The Central Bank of Nigeria (CBN) has said it does not believe that the current naira freefall is caused by the market forces. Rather it says it is caused by speculators.
Folashodun Shonubi, the acting CBN governor said this in a broadcast, Monday adding that the government is ready to take action to save the naira.
Shonubi said “The president is very concerned about some of the goings-on in the foreign exchange market. One of the things we discussed were what could be done to stabilise and what could be done to improve the liquidity in the market and also the goings-on in the various other markets including the parallel market.
“He is concerned about the impact on the average person. The things that you do which are purely local are still referenced to exchange rate in the parallel market. We’ve discussed and I have shared with him what we are doing to improve supply. If you look at the official market you will find out that the market has been fairly stable and the spread of the difference has not flunctuated as much.
“I do not believe that the changes going on in the parallel market are driven by pure economics demand and supply, but but I topped by speculative demand by people.
“Some of the which I’m not at liberty to share with you means sooner rather than later speculators should be careful because we believe the things we are doing when it come to fruition may result in significant losses to them.”
He said the president is concerned about the freefall but he has been briefed about the CBN’s moves to save the naira.
He said the impact of CBN’s moves will be seen in the market in a few days and that the apex bank will ensure the FX environment operate at a level that is more efficient.
The dollar has remained flat at the parallel market since Friday, closing at N945/$ on Monday, according to data by AbokiFX, an online platform that tracks the exchange rate on the parallel market.

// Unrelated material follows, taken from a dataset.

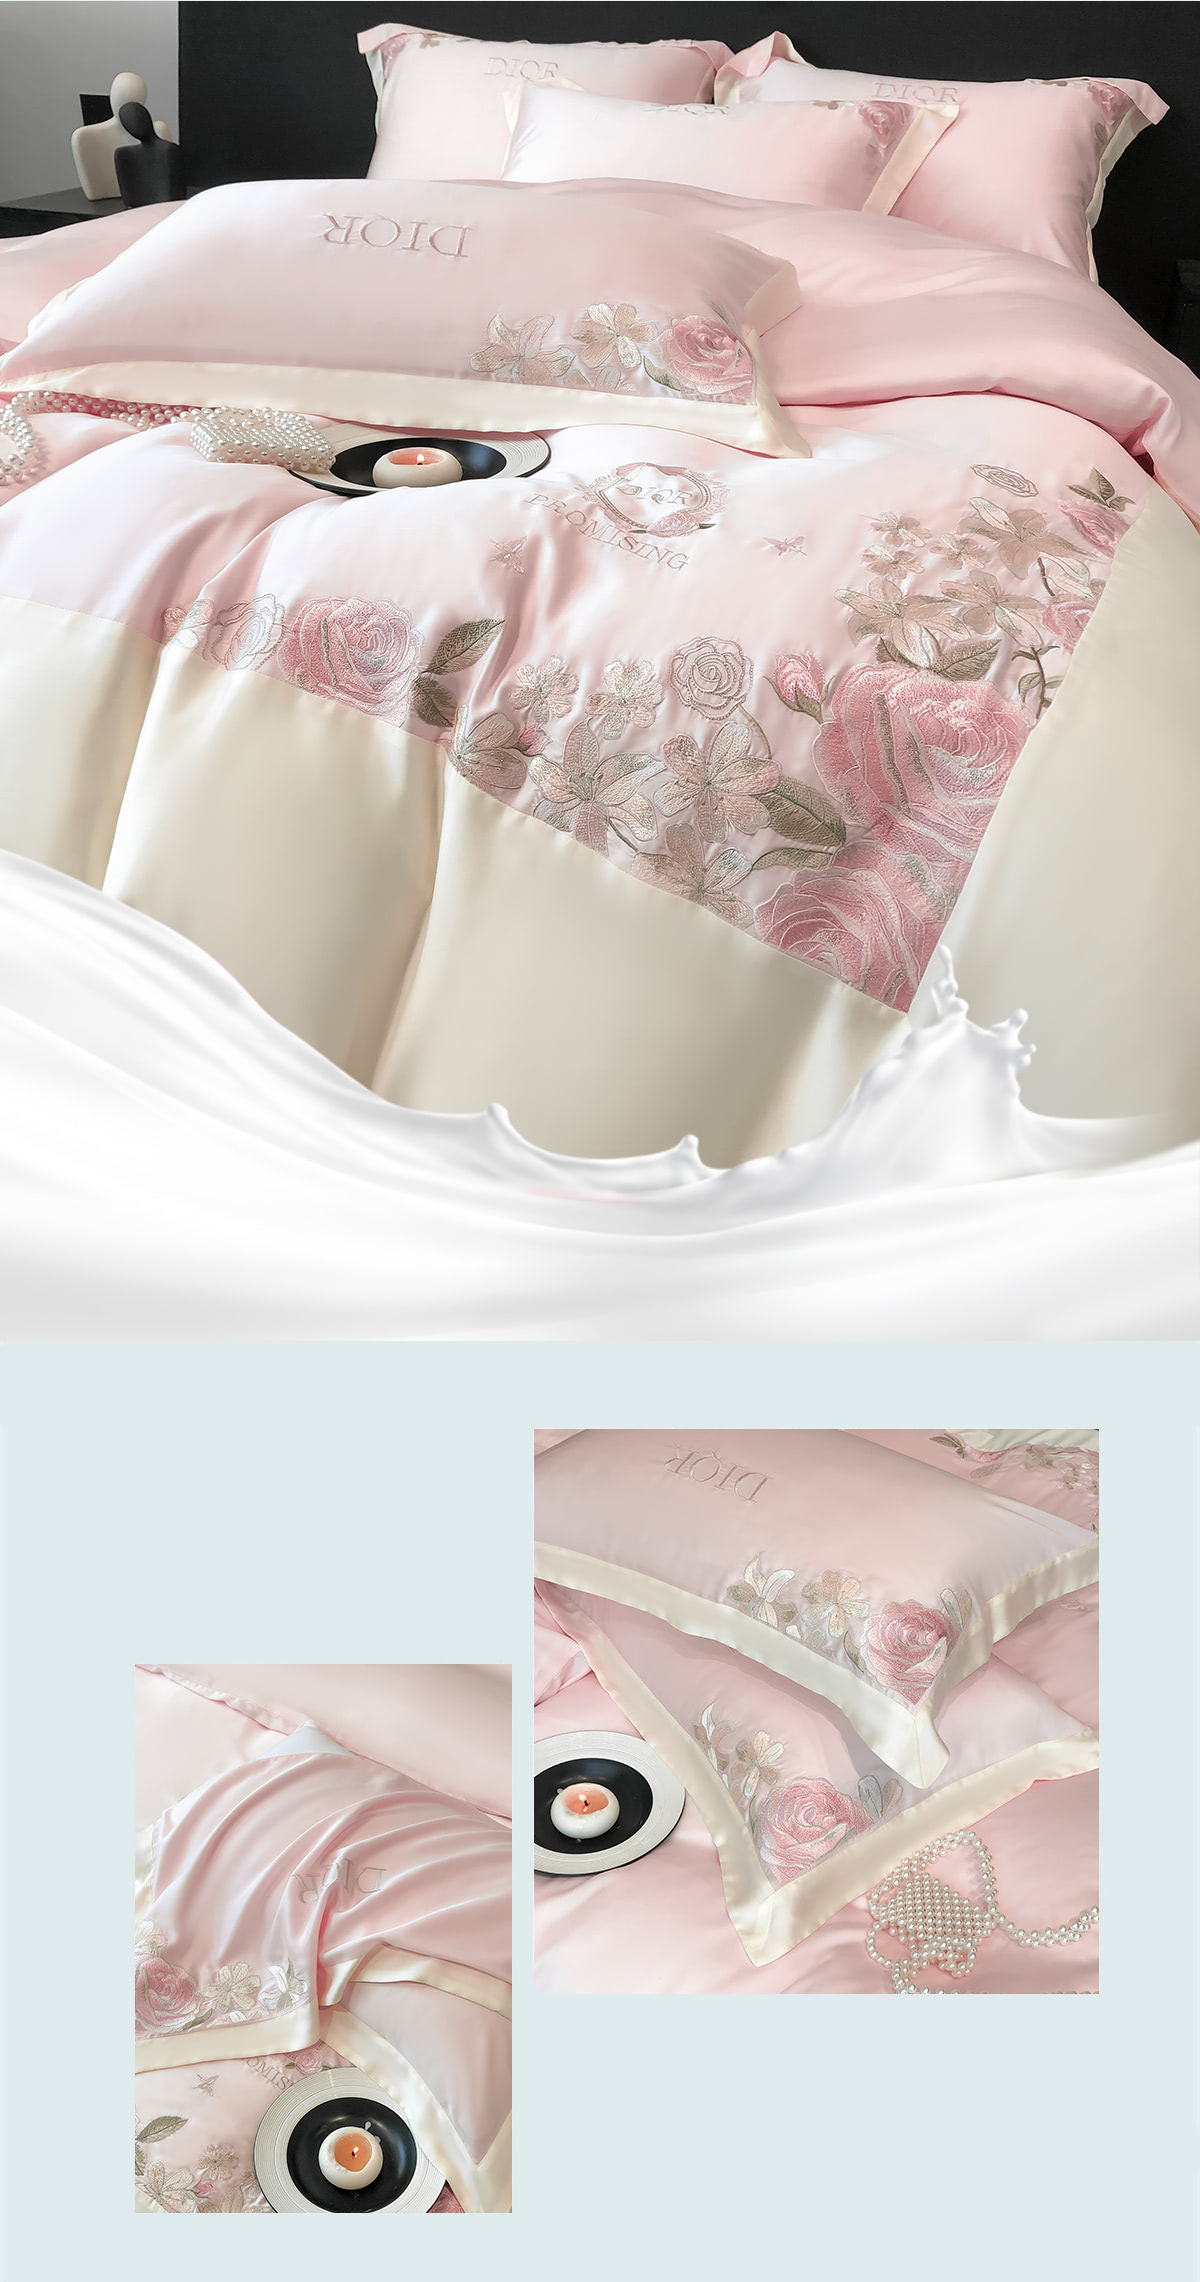 Aesthetic-Embroidery-Home-Textiles-Duvet-Cover-Bedding-Set23

“I would not necessarily say there is stability in the parallel market yet, even so the demand/supply dynamics has pushed the exchange rate beyond my expectation of upper N800 levels,” Abiola Rasaq, former Economist and Head, Investor Relations at United Bank for Africa Plc said about the current FX market position.

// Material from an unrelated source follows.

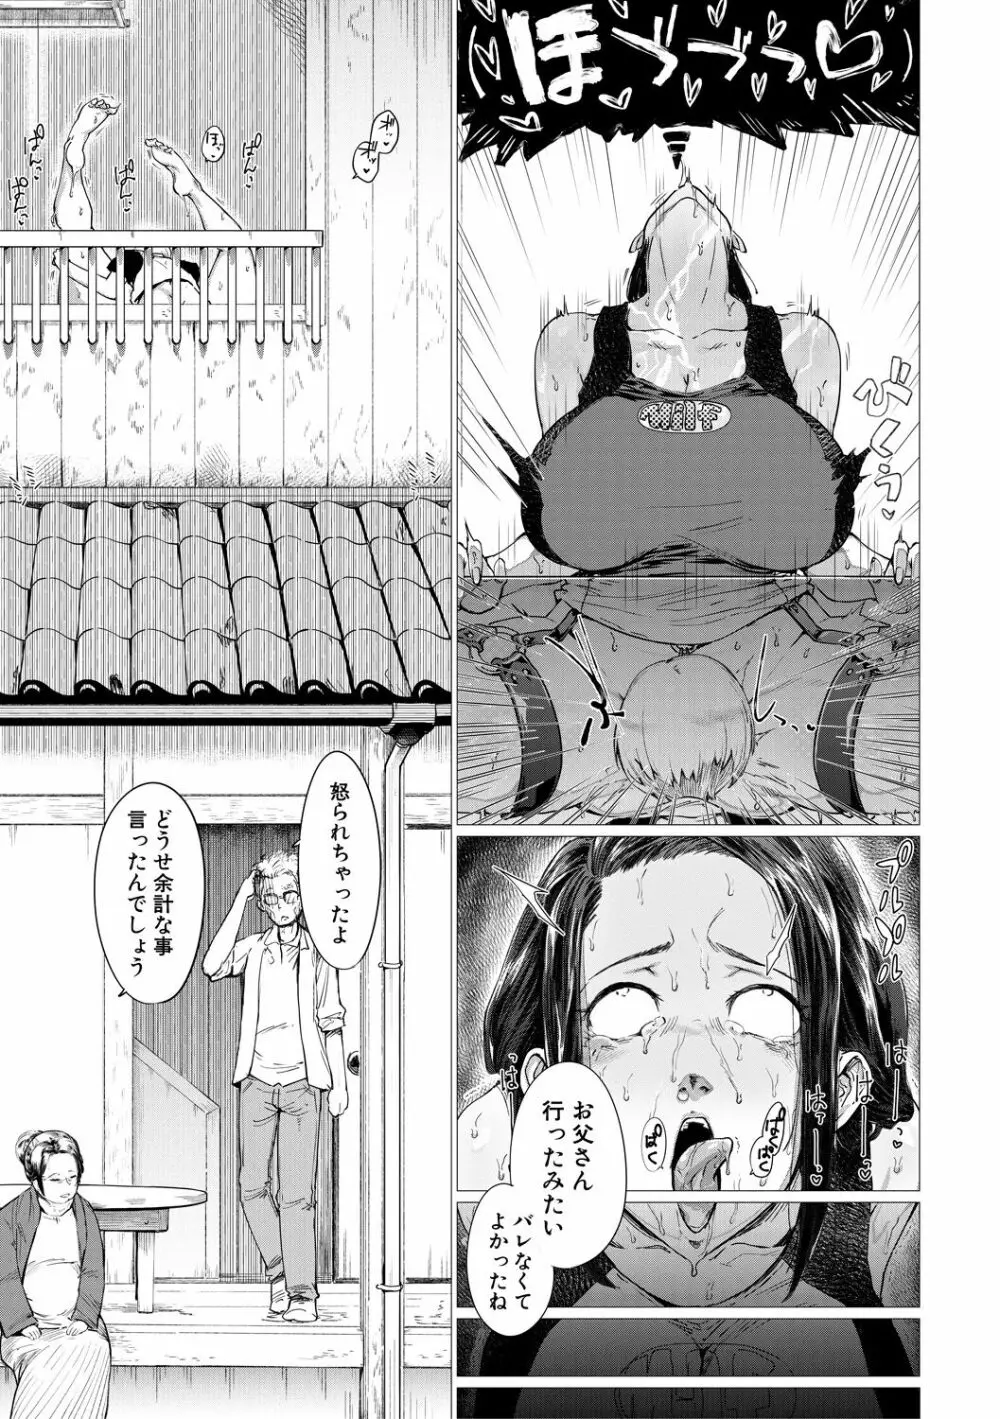 Countryside Toy～田舎でオモチャ～ - page9

“That said, we are at the tail-end of the seasonal FX demand cycle and any positive news of FX inflow or improvement in autonomous FX supplies should begin to strengthen the Naira and moderate the speculative pressures,” Rasaq said.
Last week, the Naira appreciated by 0.33 percent week-on-week (w/w) at the Investors & Exporters (I&E) window to close at N740.6/$, from its previous close of N743.1/$. While at the parallel market, Naira depreciated week-on-week as the market saw offer quotes in the range of N885/$- N940/$. Activities in the I&E window had weakened as average FX turnover fell last week by 14.2percent to settle at $78.1million. Nigeria’s external reserves fell by 0.14percent to settle at $33.1billion.

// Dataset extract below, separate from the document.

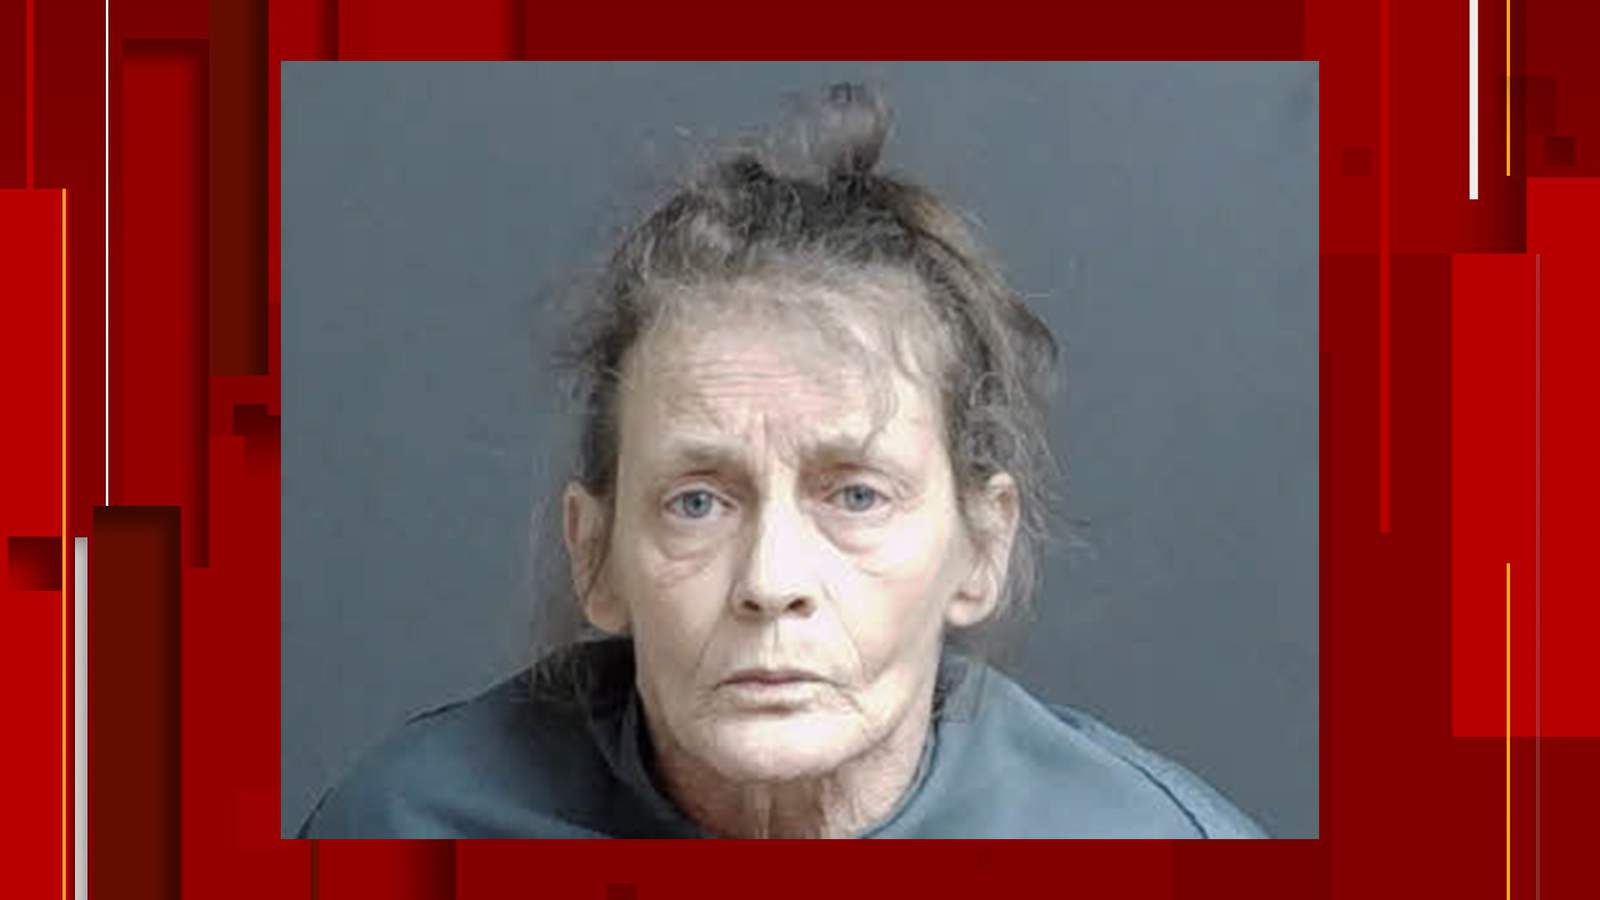 59-year-old woman arrested for second-degree murder in Franklin County

“Yes, news of FX inflows is helpful and such news would continue to help strengthen the fundamentals of the Naira, especially as the CBN audited accounts sends negative sentiments to the market about the veracity or reality of the reported foreign reserves,” Rasaq added.
He noted that more importantly that “the government needs to follow-through, and indeed, very quickly with relevant reforms that can potentially shift the FX demand/supply balance. Liberalisation of the market is great and I believe the government does not only mean well with this tough decision but also made the right call”.
“Albeit liberalisation of the FX market on its own does not solve the problem, and this is why it is important for the executive cabinet to be formed as soon as possible and the Ministers have lots of work to do in sponsoring key reforms across several sectors in a coordinated manner that can spur local productivity and economic progress, capable of not only improving the local aggregate demand and supplies dynamics but also shift the balance of trade as well as current account balances.
It is equally important to get on board a substantive CBN Governor as soon as possible and ensure effective coordination and collaboration of monetary and fiscal reforms/policies,” he noted.
The Central Bank of Nigeria (CBN) had blamed ongoing decline in the value of the Naira against the dollar on current unofficial remittances from the diaspora.
The CBN is optimistic about a turn-around in the FX situation in the country, as it reported an inflow of $1.41 billion for the month of June only, a figure that most likely would have risen in the month of July following savings from the expensive fuel subsidy removal and increased crude oil exports.
“This week, we expect continued pressure on the naira across all market segments, given that FX pressures will persist as dollar earnings remain weak, and demand for dollar outweighs supply,” United Capital research analysts said.